_YOUR INSTRUCTIONS_:
The line with "Offered here is", the line with "Has export wax stamp on top.", and all lines between them in the material below: return these exactly, and no others.

=== DATASET RECORDS ===

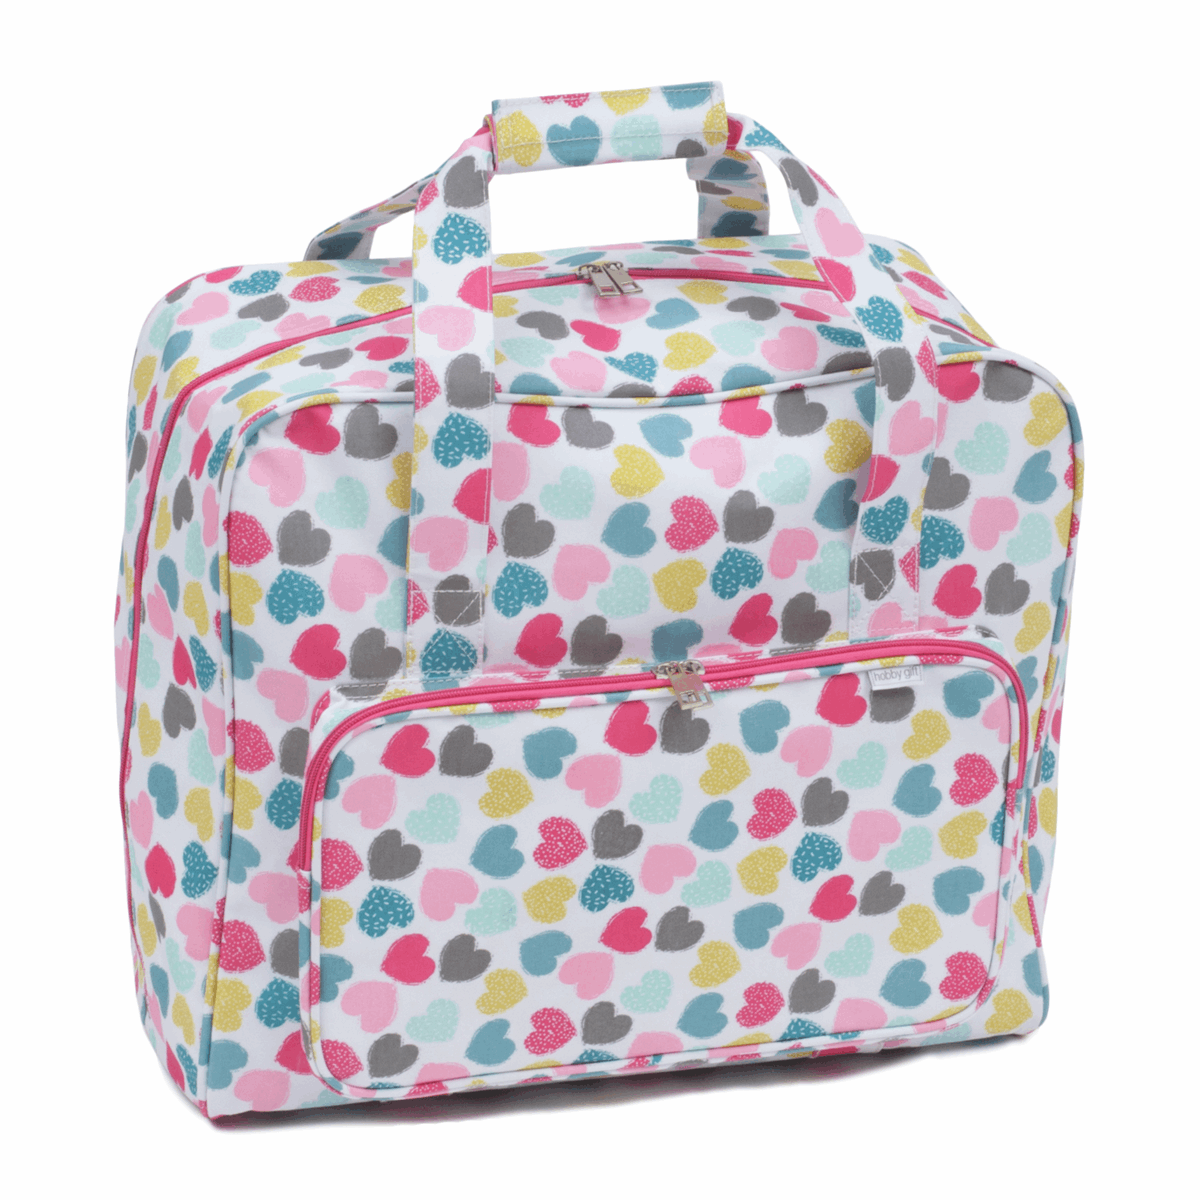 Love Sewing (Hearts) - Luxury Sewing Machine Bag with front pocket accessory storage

===
=== DATASET RECORDS ===

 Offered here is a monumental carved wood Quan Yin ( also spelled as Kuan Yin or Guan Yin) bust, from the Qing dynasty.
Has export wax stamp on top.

===

_COMPLETED EXERCISE_:
 Offered here is a monumental carved wood Quan Yin ( also spelled as Kuan Yin or Guan Yin) bust, from the Qing dynasty.
Has export wax stamp on top.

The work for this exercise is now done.